* **ASSIGNED TASK**: Repeat, exactly and in full, the lines of the listing below, but without any pictures.

* **COLLECTED DATA**:
- Opening Delimiter -
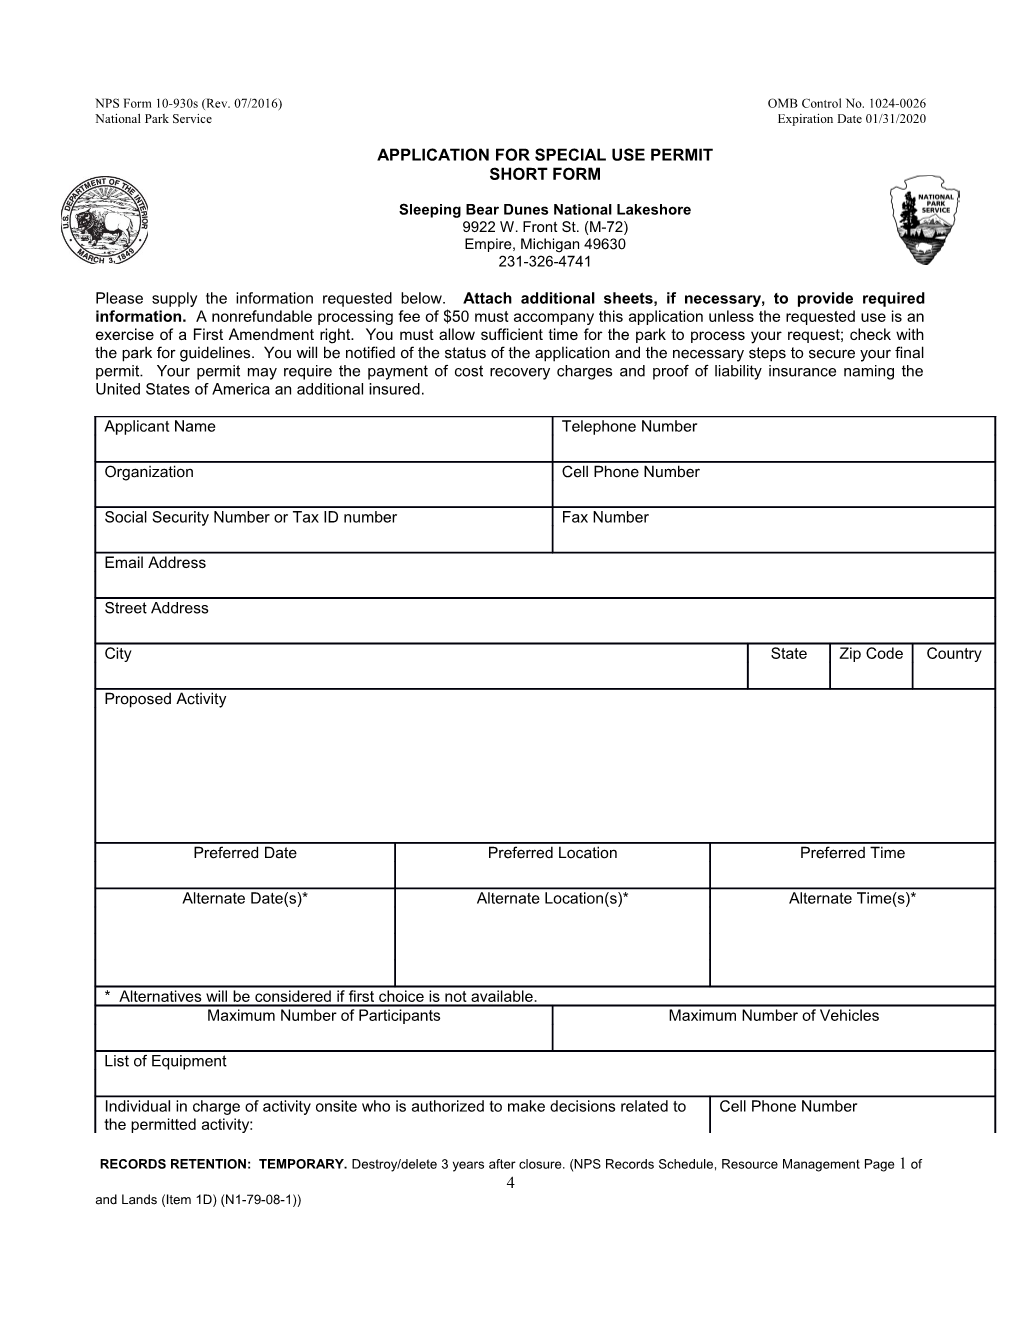 NPS Form 10-930S (Rev. 07/2016)OMB Control No. 1024-0026
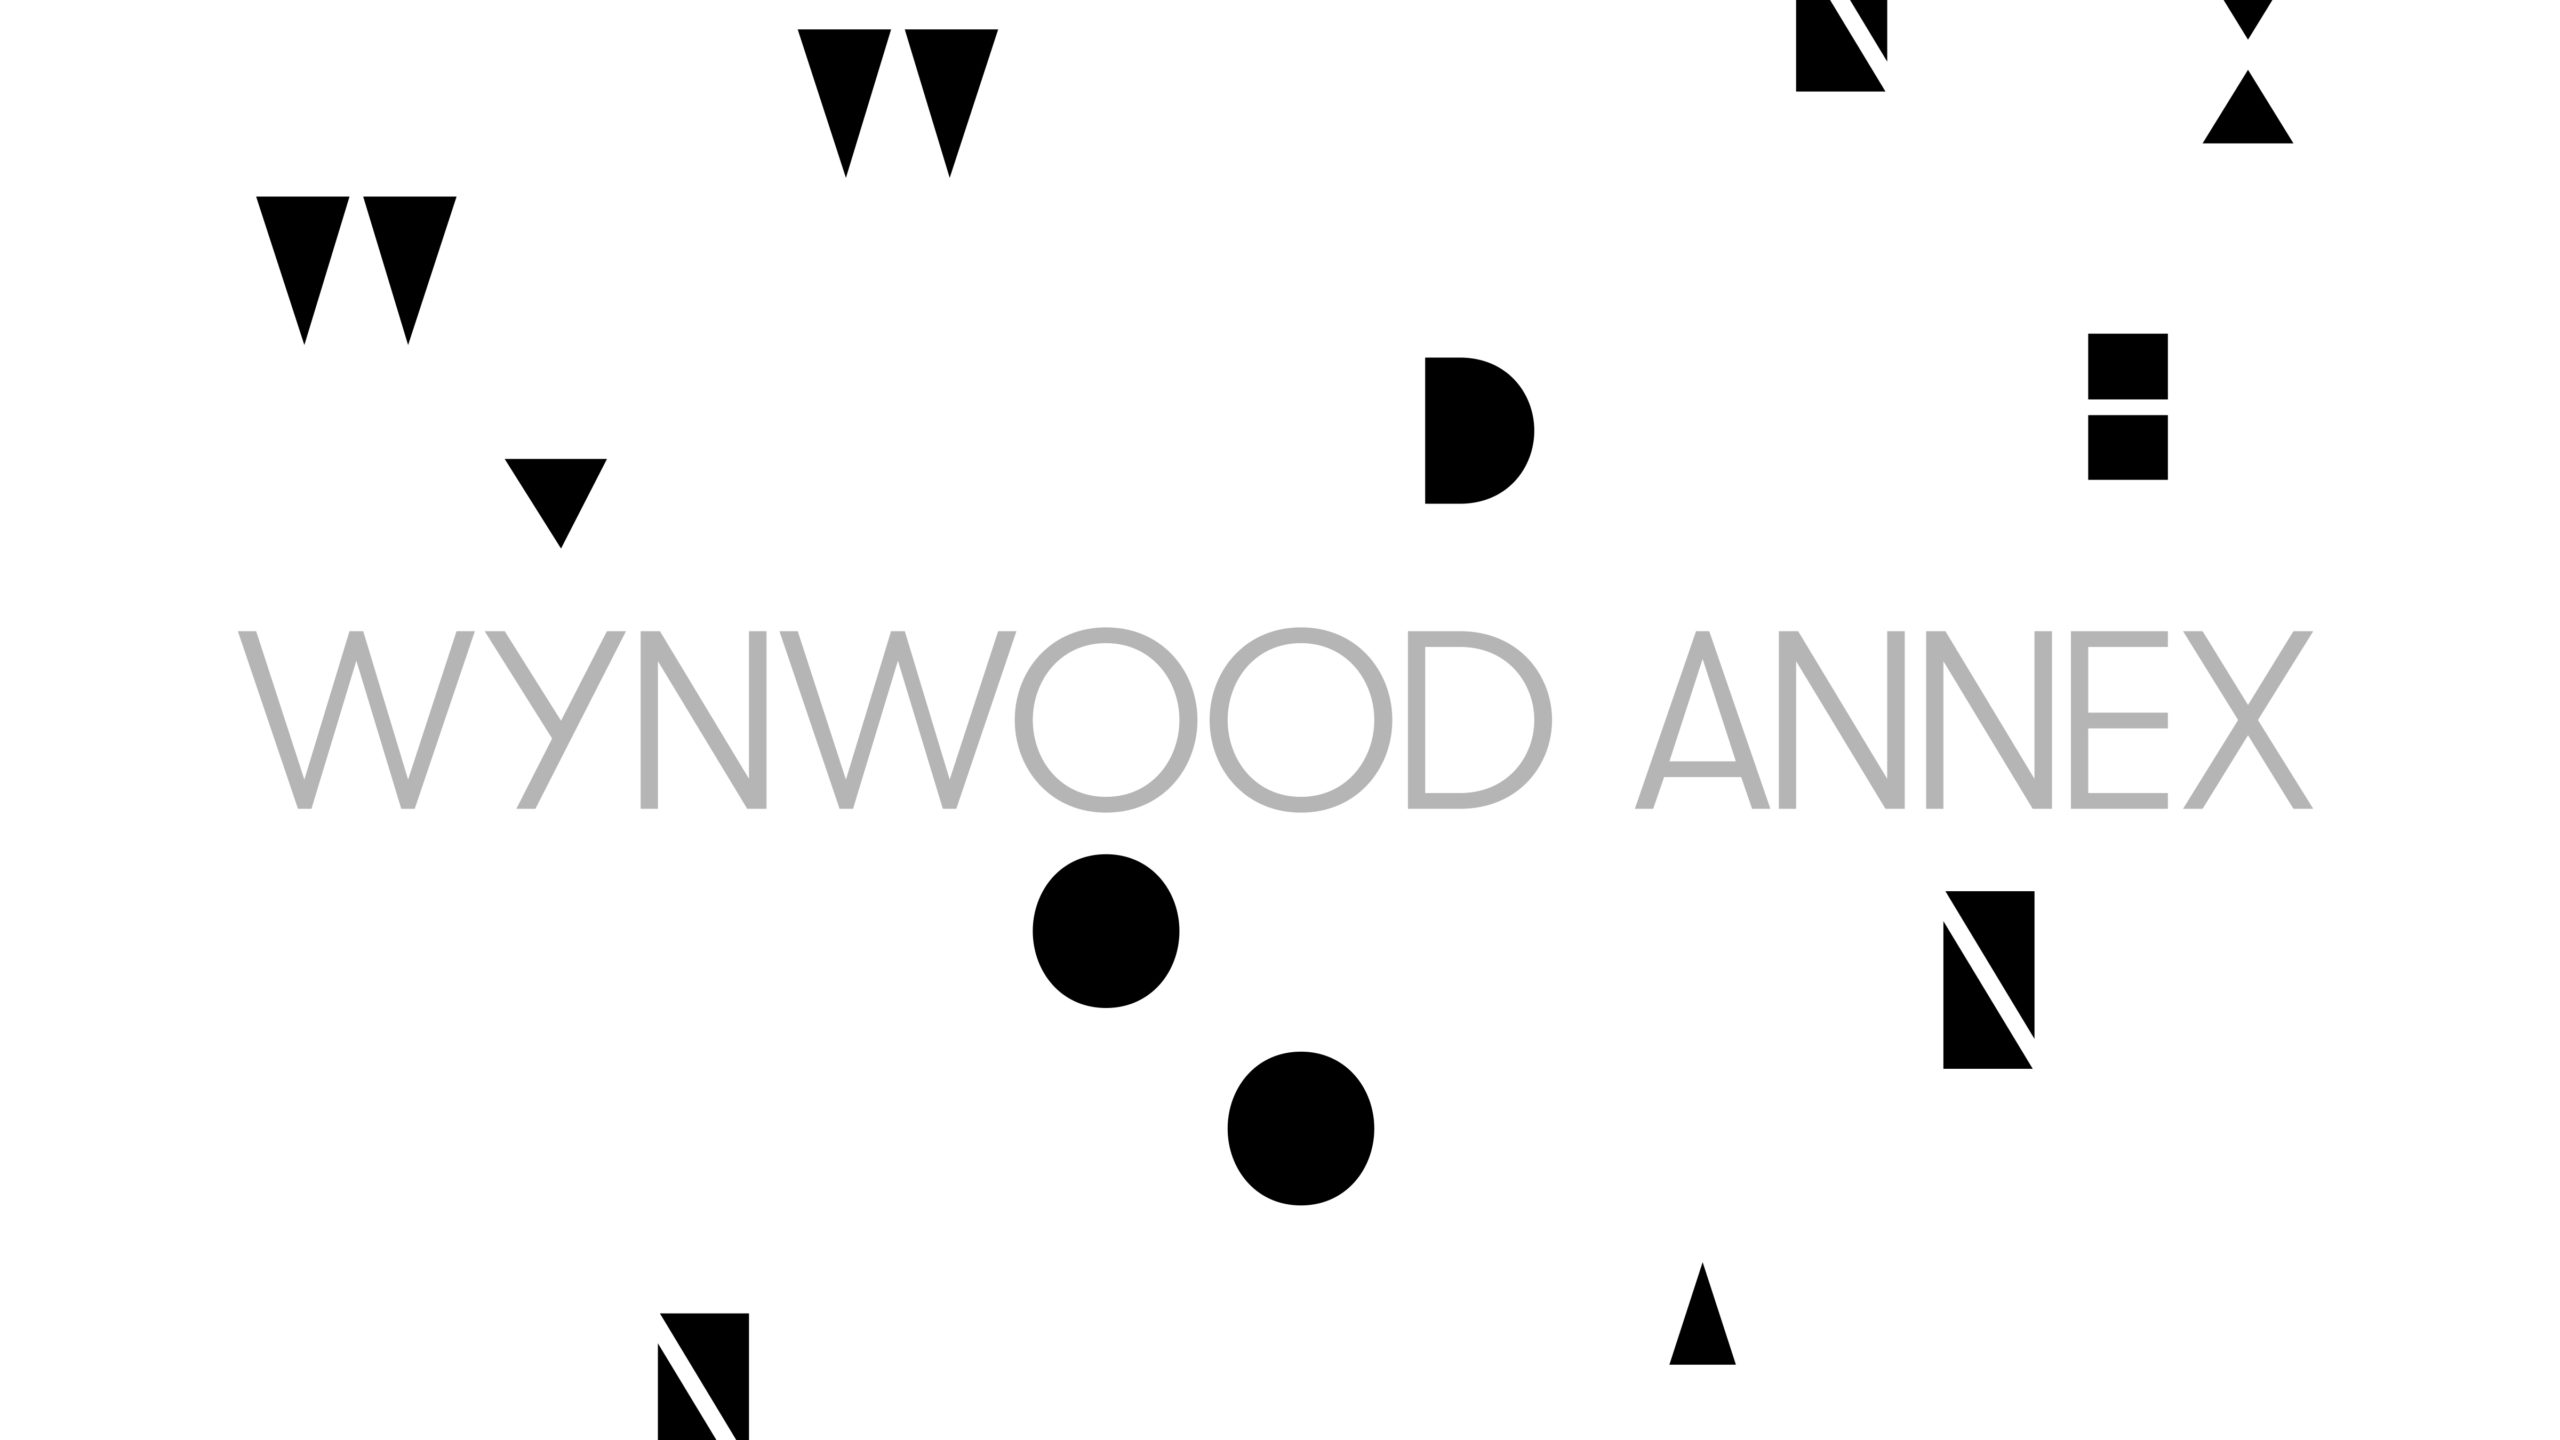 Wynwood Annex_ concept 2_r3 copy
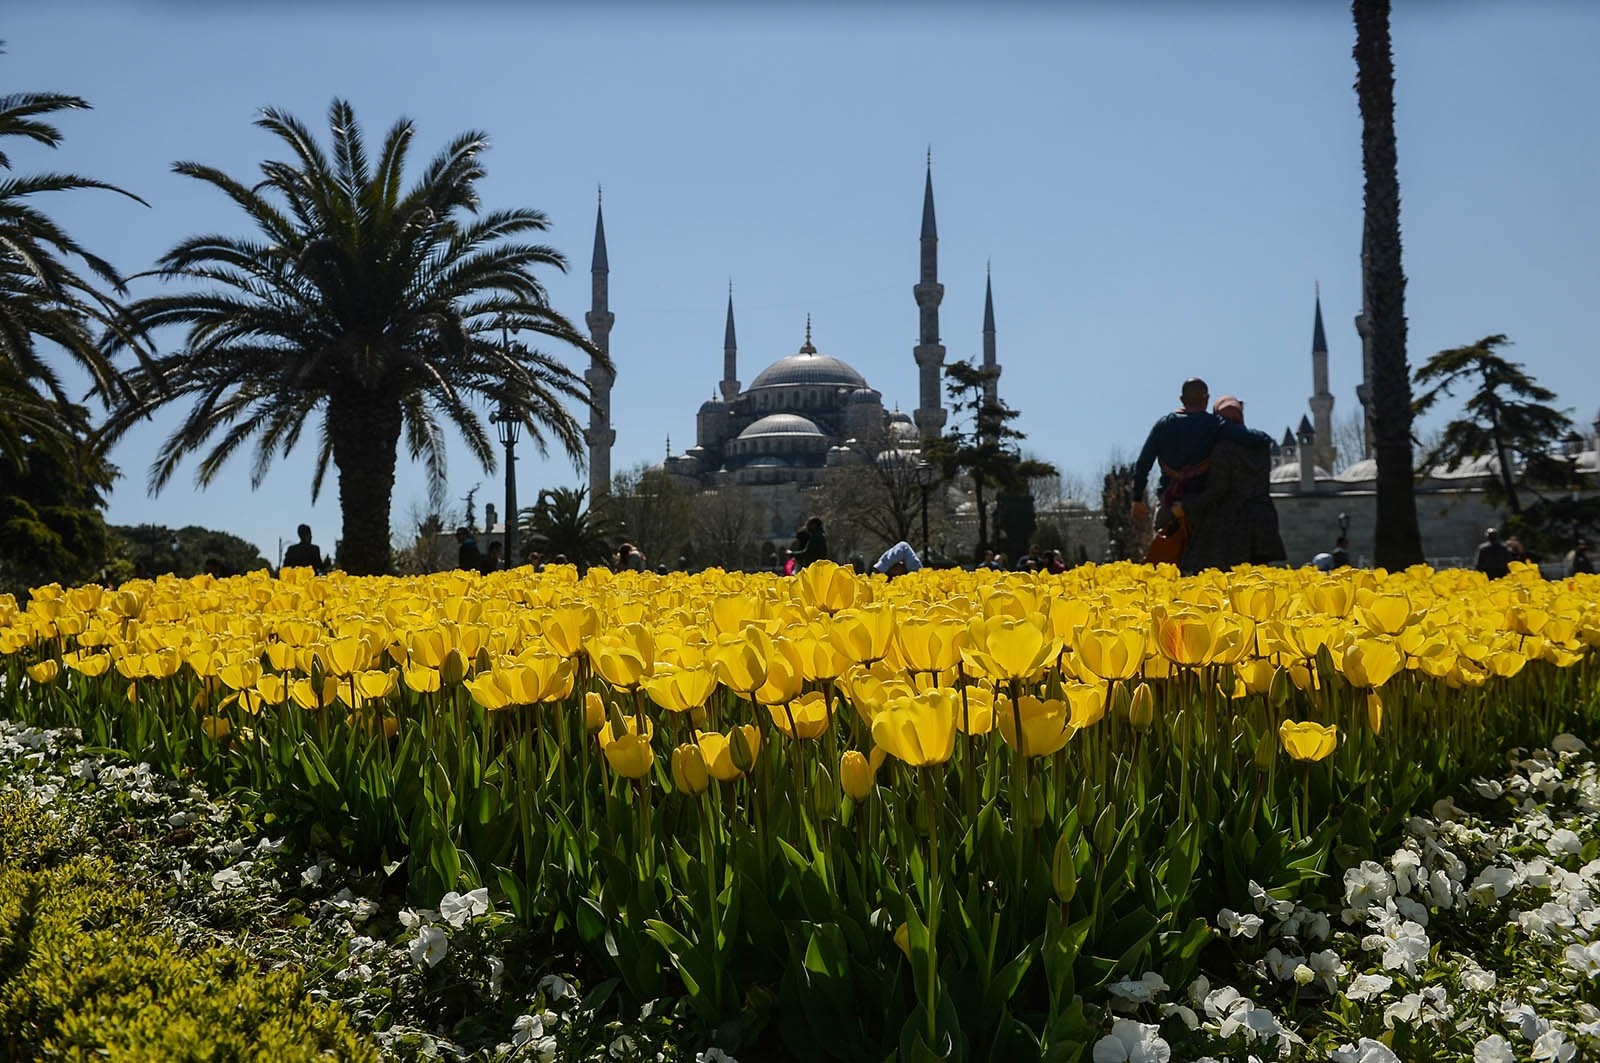 Стамбул весной. Фестиваль тюльпанов в Стамбуле Топкапы. Султанахмет Стамбул тюльпаны. Султанахмет фестиваль тюльпанов.
- Closing Delimiter -
* **ANSWER SPACE**:
 NPS Form 10-930S (Rev. 07/2016)OMB Control No. 1024-0026
 Wynwood Annex_ concept 2_r3 copy
 Стамбул весной. Фестиваль тюльпанов в Стамбуле Топкапы. Султанахмет Стамбул тюльпаны. Султанахмет фестиваль тюльпанов.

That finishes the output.